> **The problem**
Look through the data below and output, unchanged, every line from the one holding "Емкость для сыпучих" through the one holding "Modernes Haus Stockfoto", inclusive. Skip the pictures.

> **Records shown**

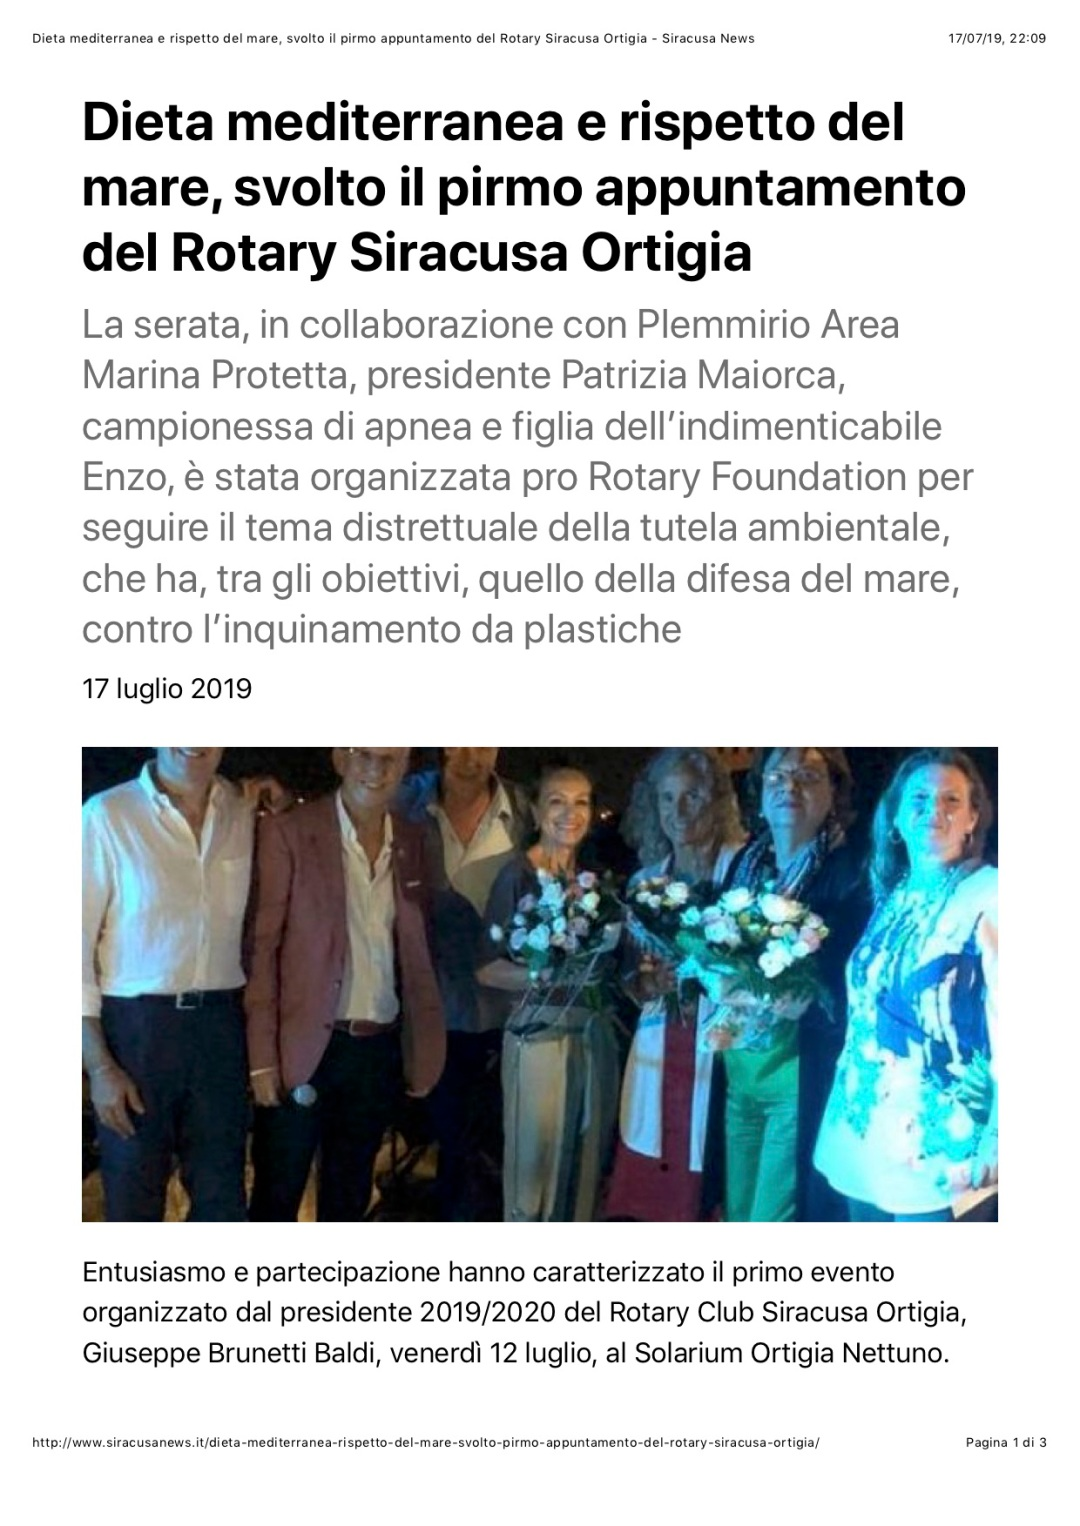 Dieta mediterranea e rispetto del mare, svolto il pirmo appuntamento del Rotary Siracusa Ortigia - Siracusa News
--
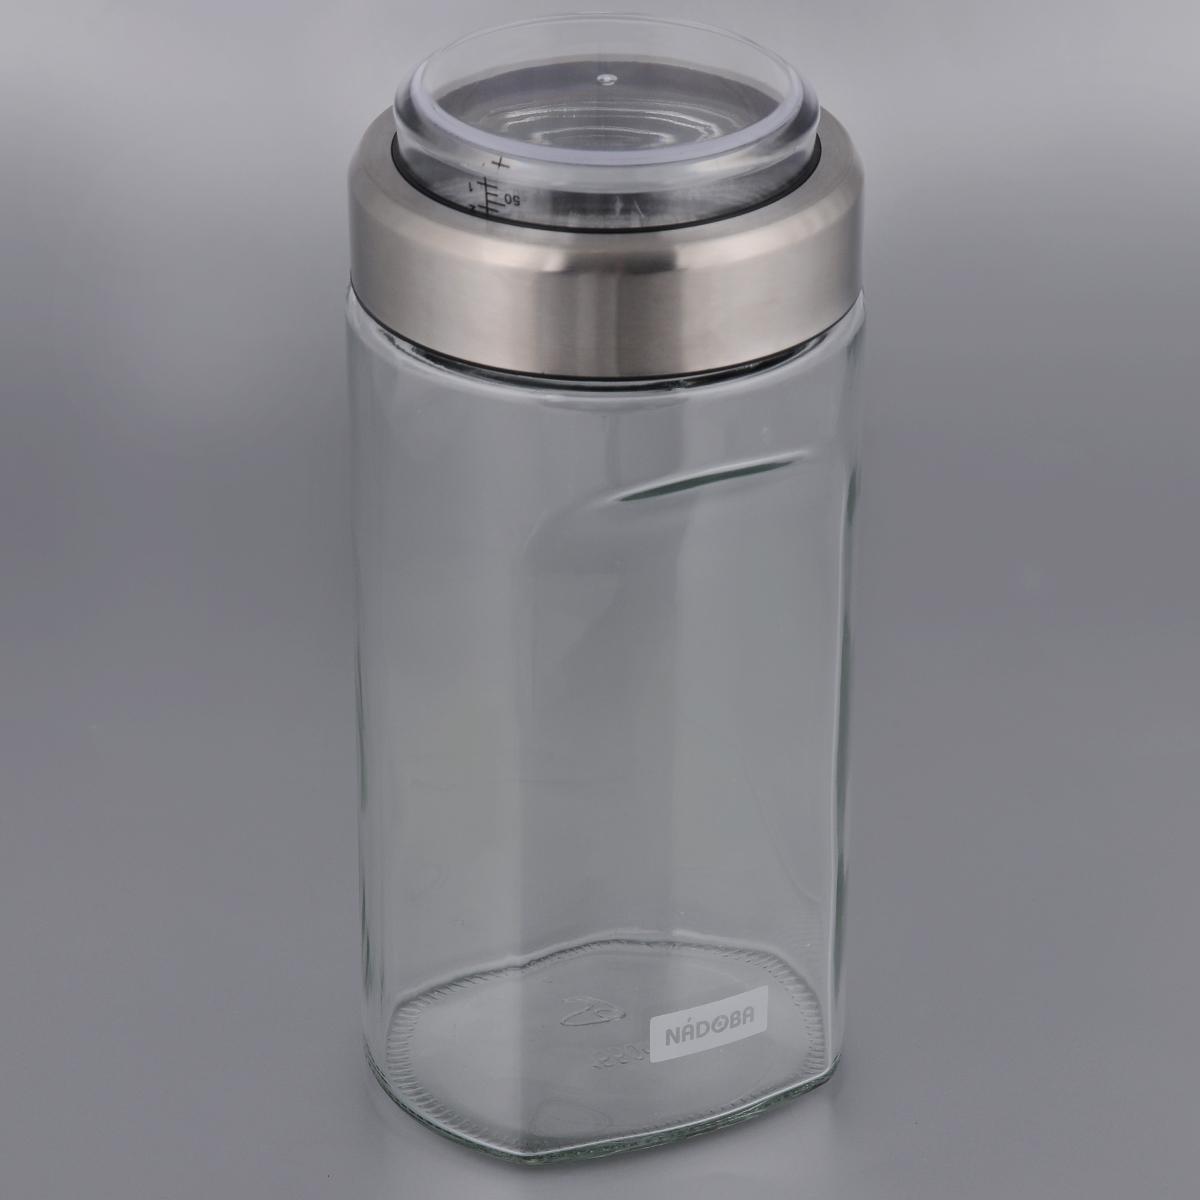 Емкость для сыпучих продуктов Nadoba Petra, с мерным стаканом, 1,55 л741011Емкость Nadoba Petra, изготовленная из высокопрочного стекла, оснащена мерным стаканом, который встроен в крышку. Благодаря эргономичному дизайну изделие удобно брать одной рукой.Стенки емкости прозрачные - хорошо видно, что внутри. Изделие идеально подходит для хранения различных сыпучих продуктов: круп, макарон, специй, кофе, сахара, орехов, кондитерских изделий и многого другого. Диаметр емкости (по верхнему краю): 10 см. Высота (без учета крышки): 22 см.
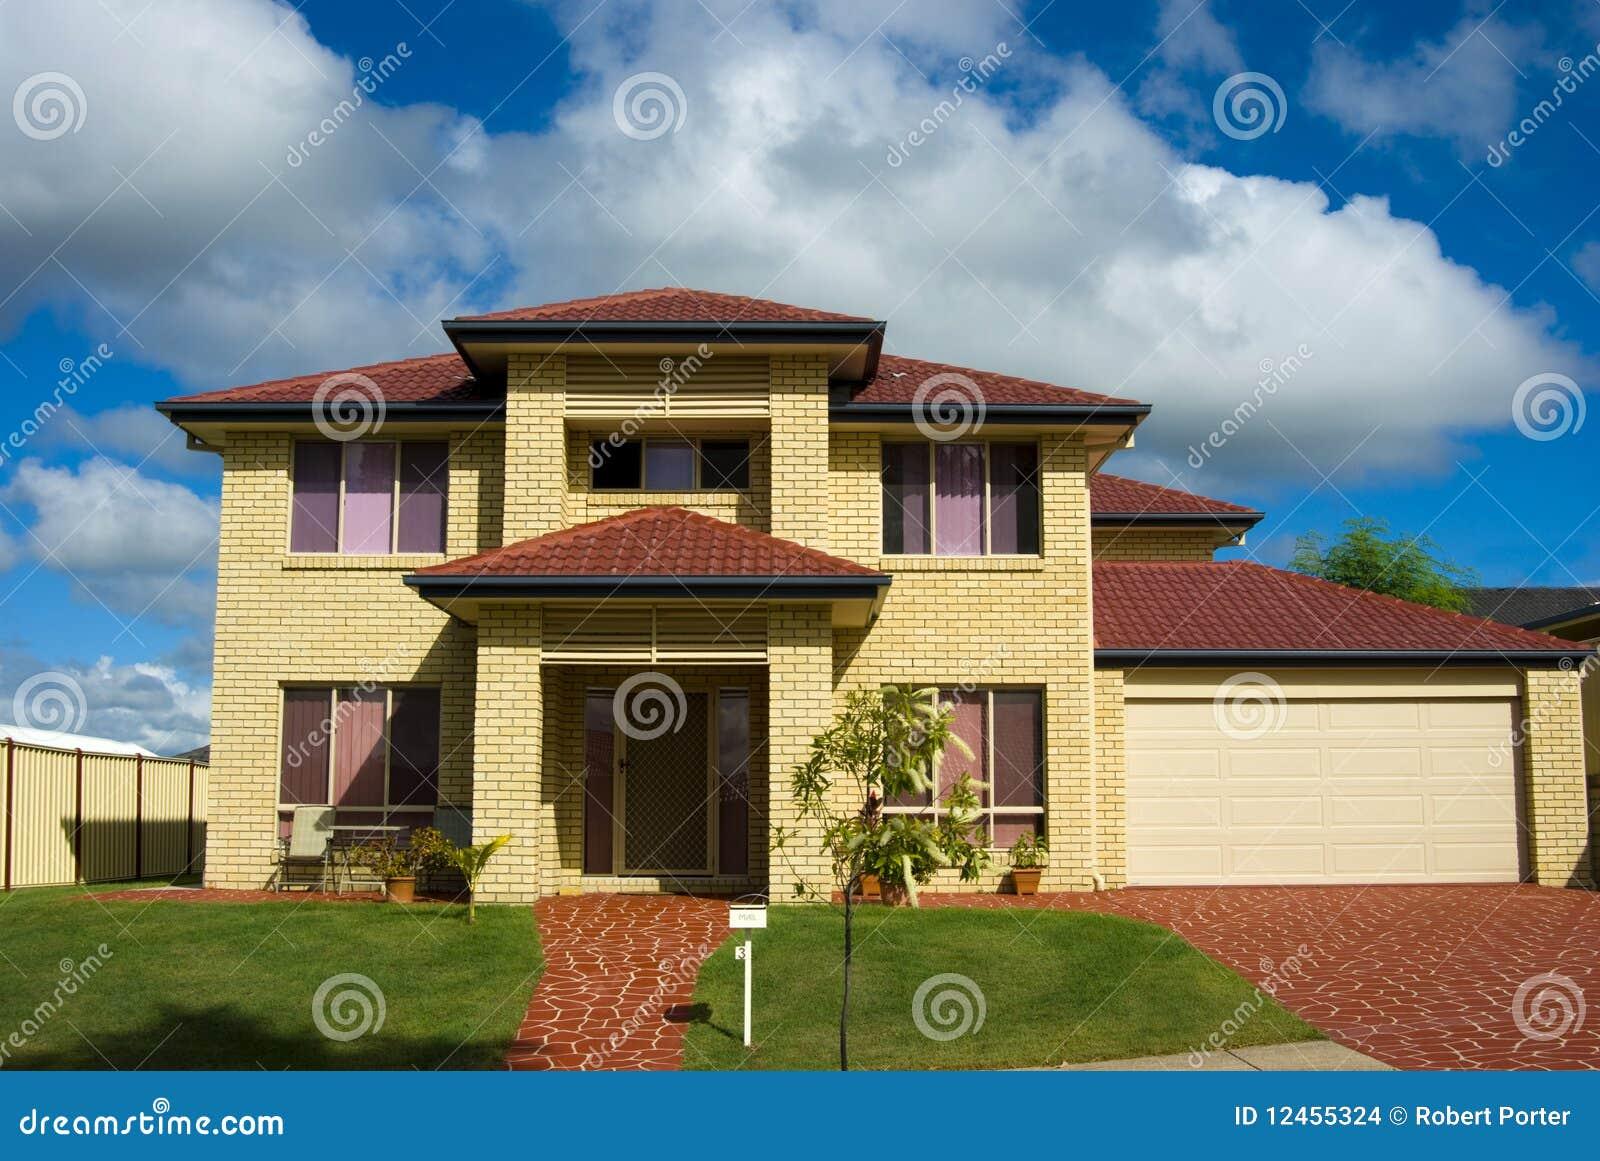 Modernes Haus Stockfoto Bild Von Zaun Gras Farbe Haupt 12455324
---
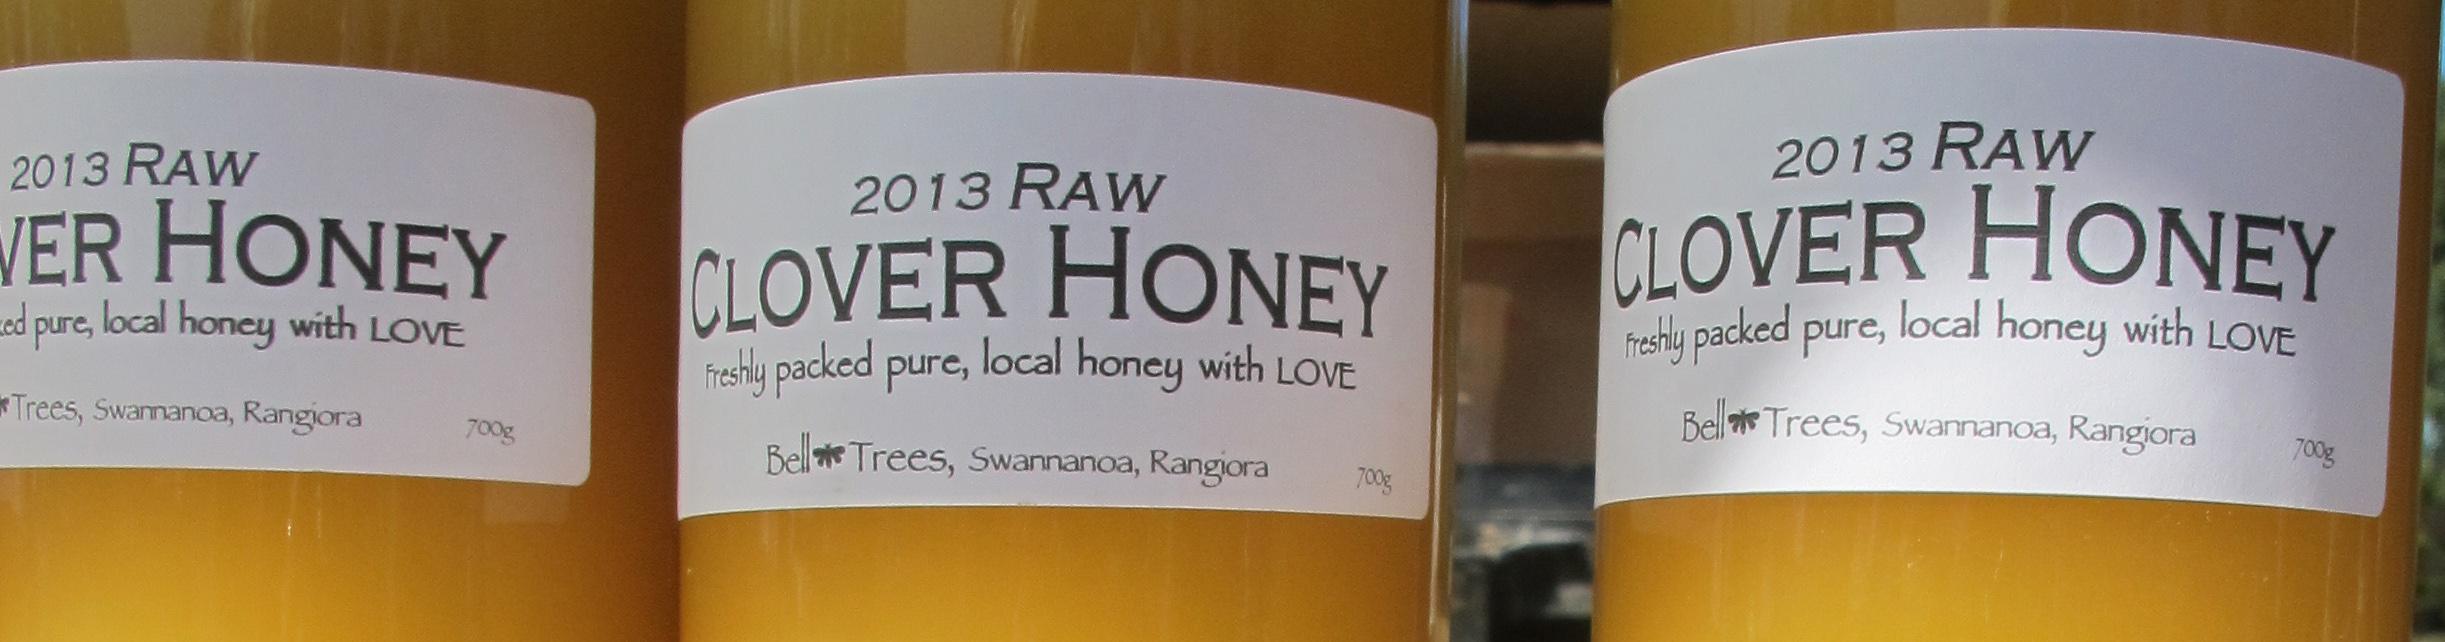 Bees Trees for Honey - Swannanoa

> **Answer box**
 Емкость для сыпучих продуктов Nadoba Petra, с мерным стаканом, 1,55 л741011Емкость Nadoba Petra, изготовленная из высокопрочного стекла, оснащена мерным стаканом, который встроен в крышку. Благодаря эргономичному дизайну изделие удобно брать одной рукой.Стенки емкости прозрачные - хорошо видно, что внутри. Изделие идеально подходит для хранения различных сыпучих продуктов: круп, макарон, специй, кофе, сахара, орехов, кондитерских изделий и многого другого. Диаметр емкости (по верхнему краю): 10 см. Высота (без учета крышки): 22 см.
 Modernes Haus Stockfoto Bild Von Zaun Gras Farbe Haupt 12455324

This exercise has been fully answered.